#### PROMPT:
In the entries below, which lines run from the one with "ingredients for oat" through the one with "Tights, Please 2 page 6"? Repeat exactly those, both included, and no pictures.

#### RECORDED DATA:

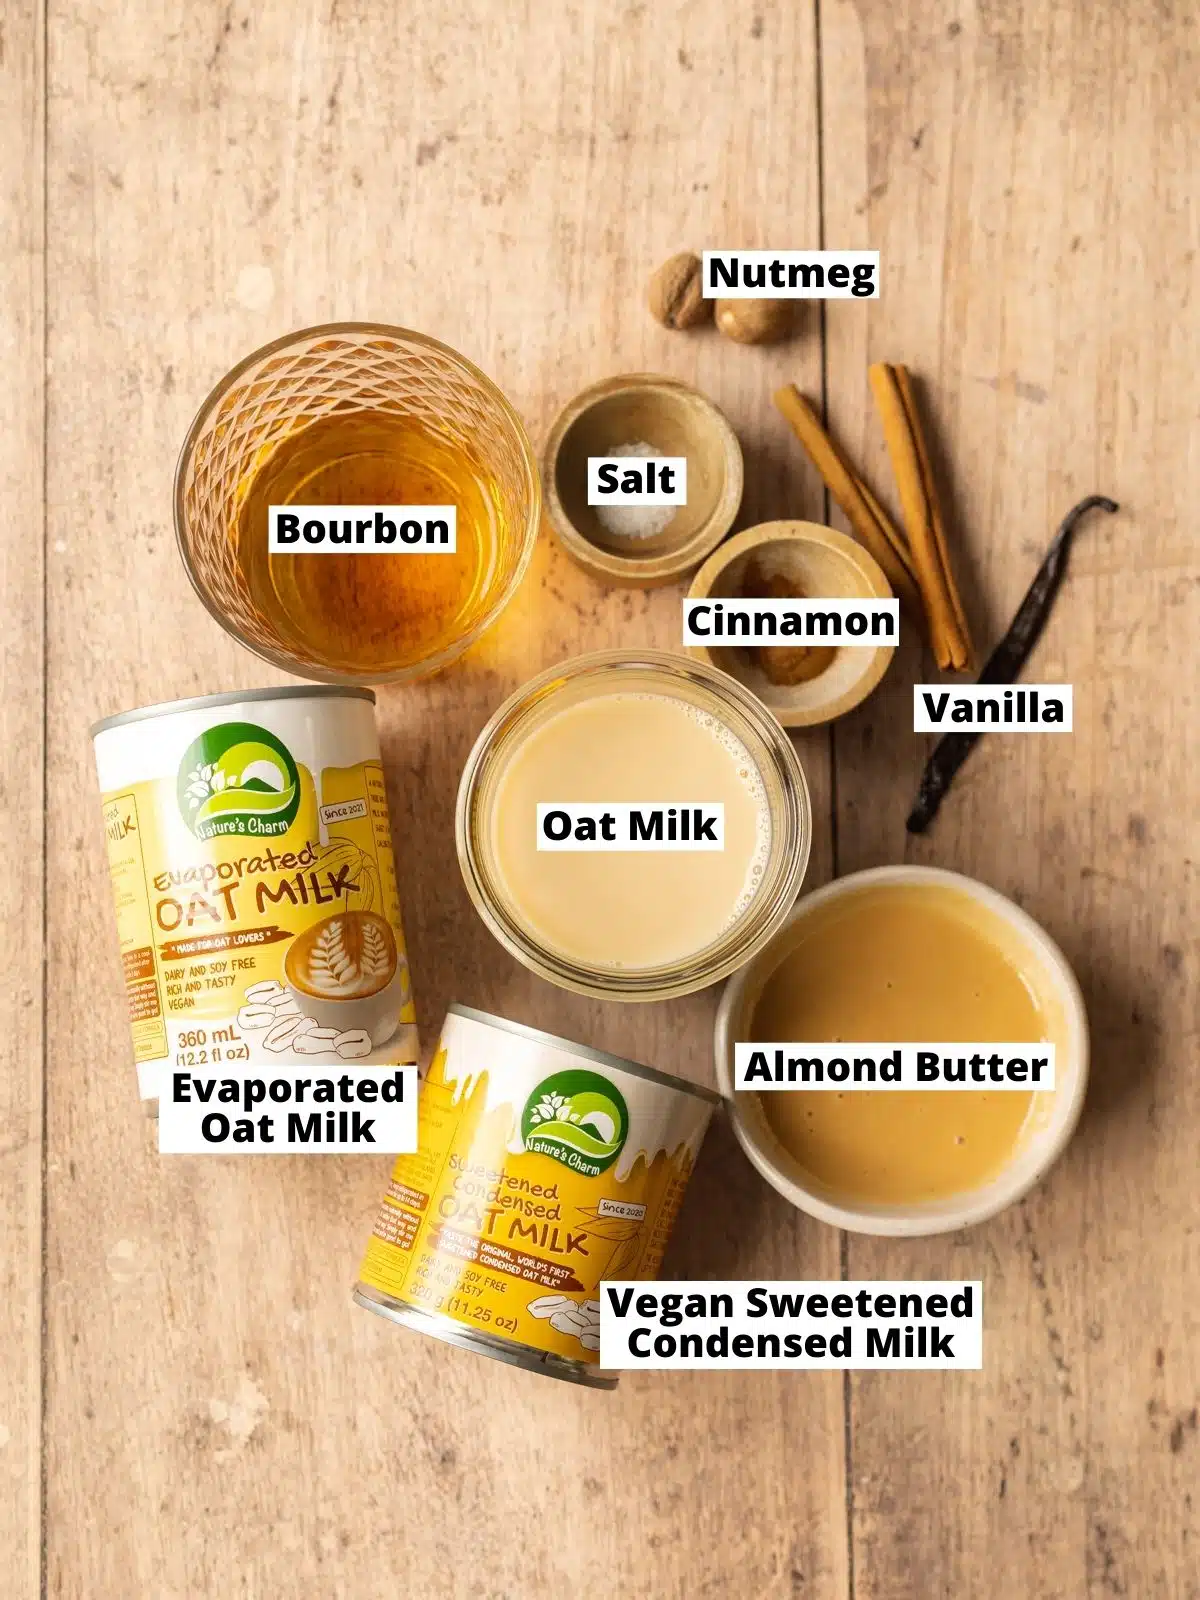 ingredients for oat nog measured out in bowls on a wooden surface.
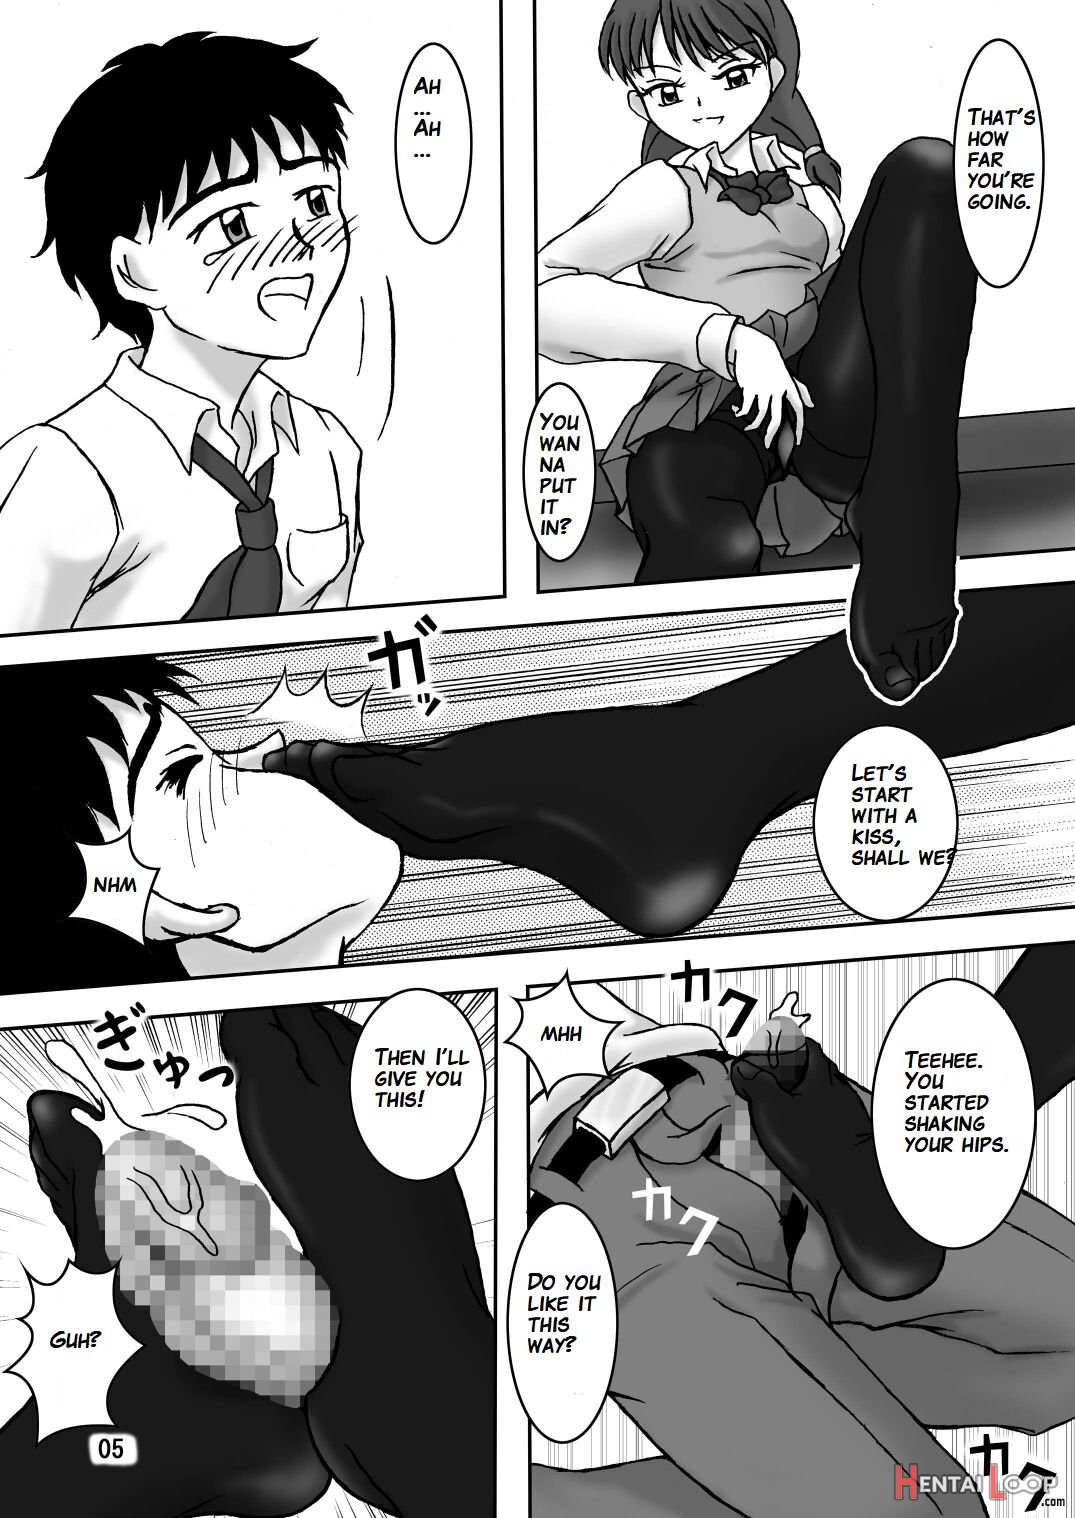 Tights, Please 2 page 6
---
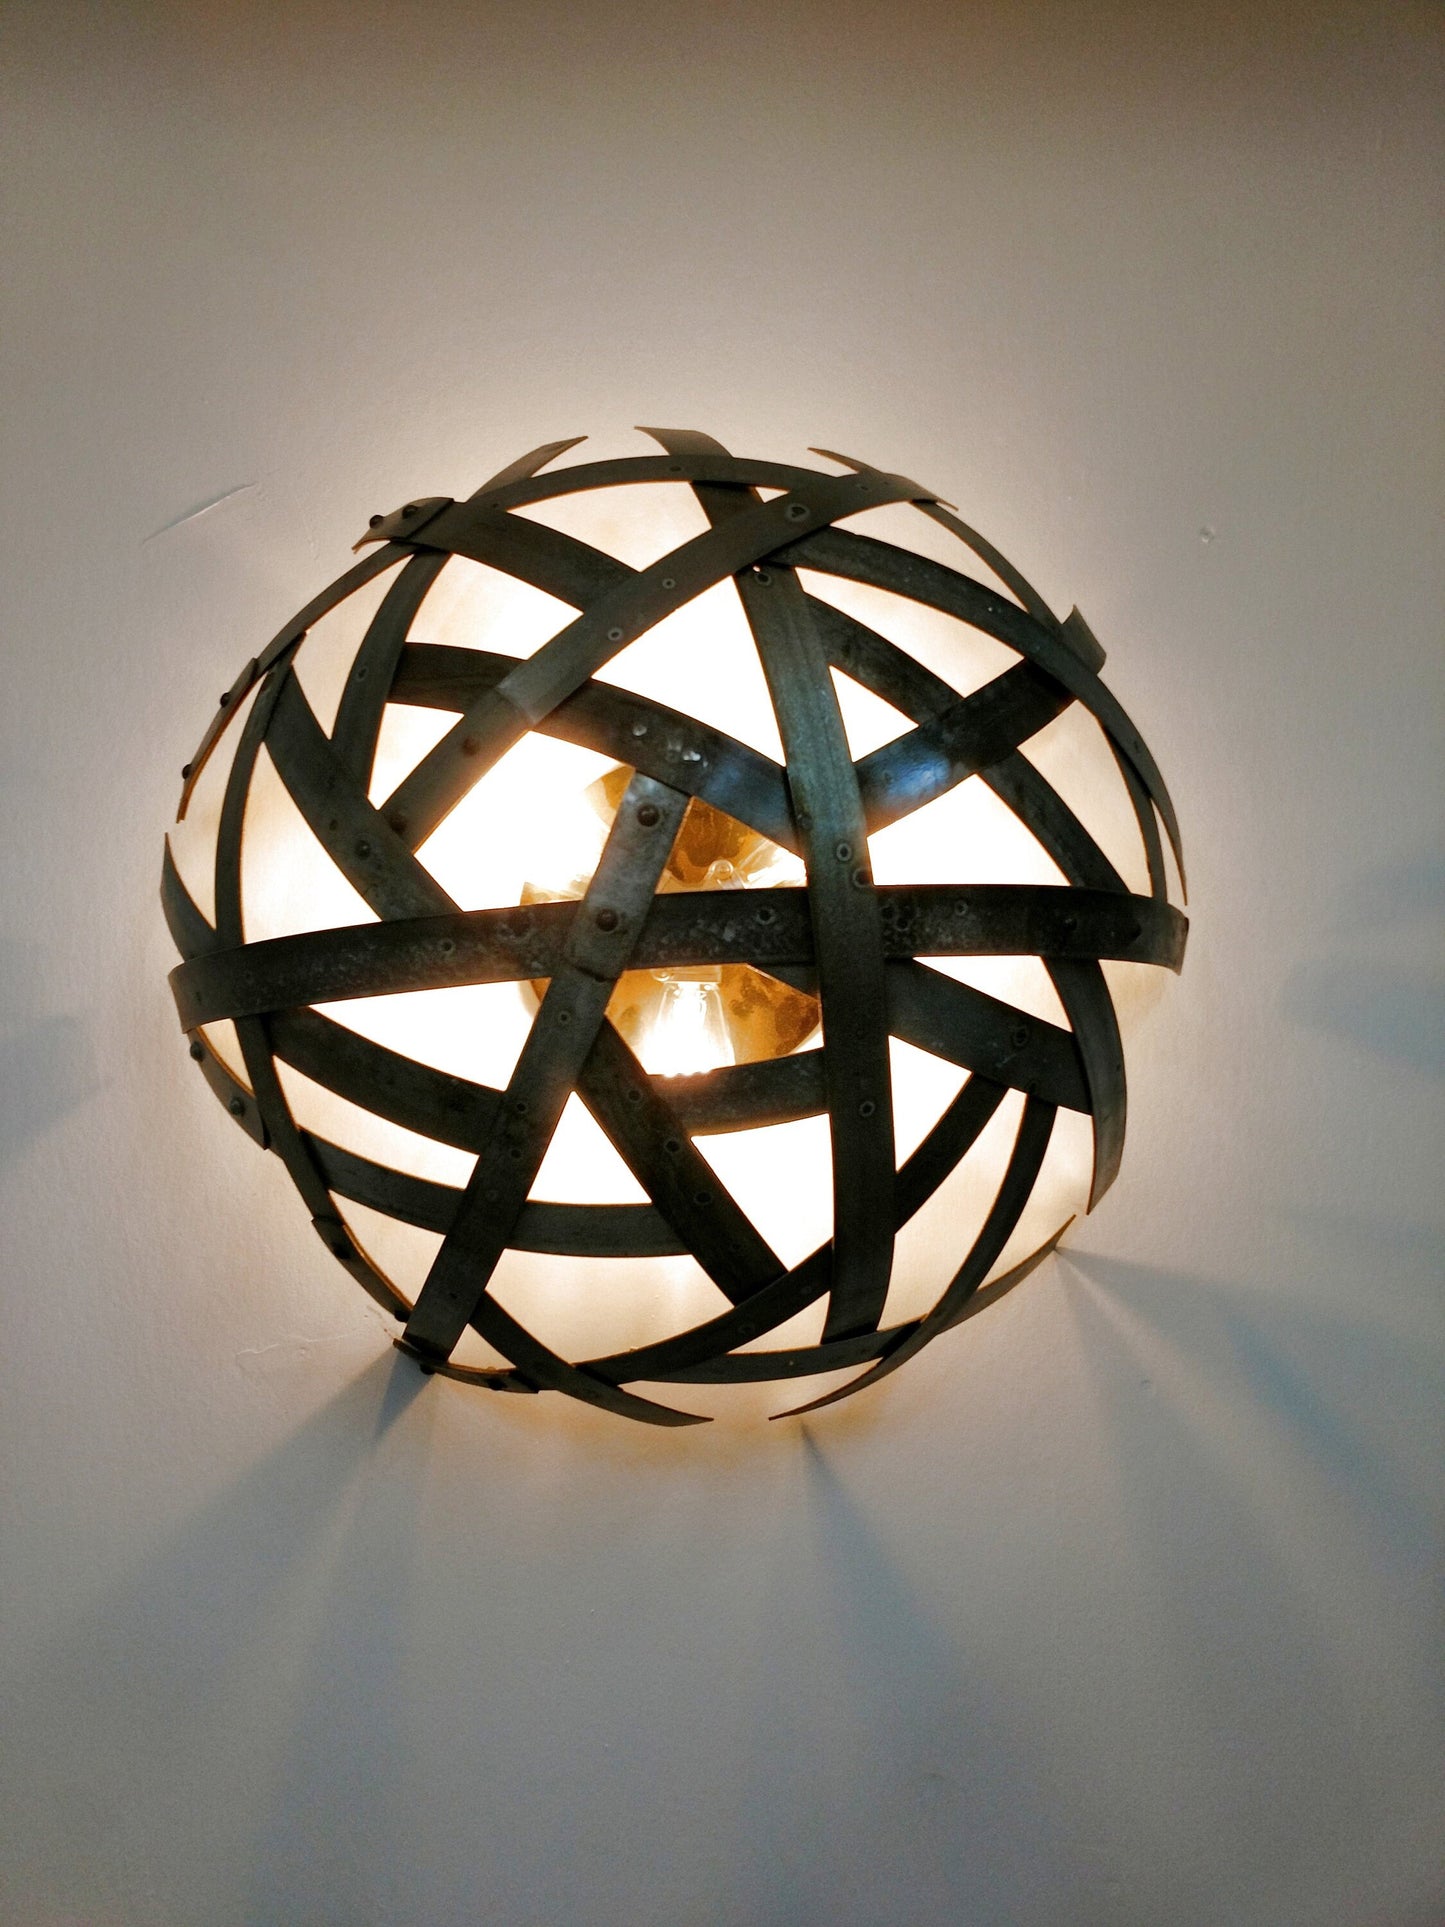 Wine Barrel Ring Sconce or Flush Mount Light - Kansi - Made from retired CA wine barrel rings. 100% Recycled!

#### TASK SOLUTION:
 ingredients for oat nog measured out in bowls on a wooden surface.
 Tights, Please 2 page 6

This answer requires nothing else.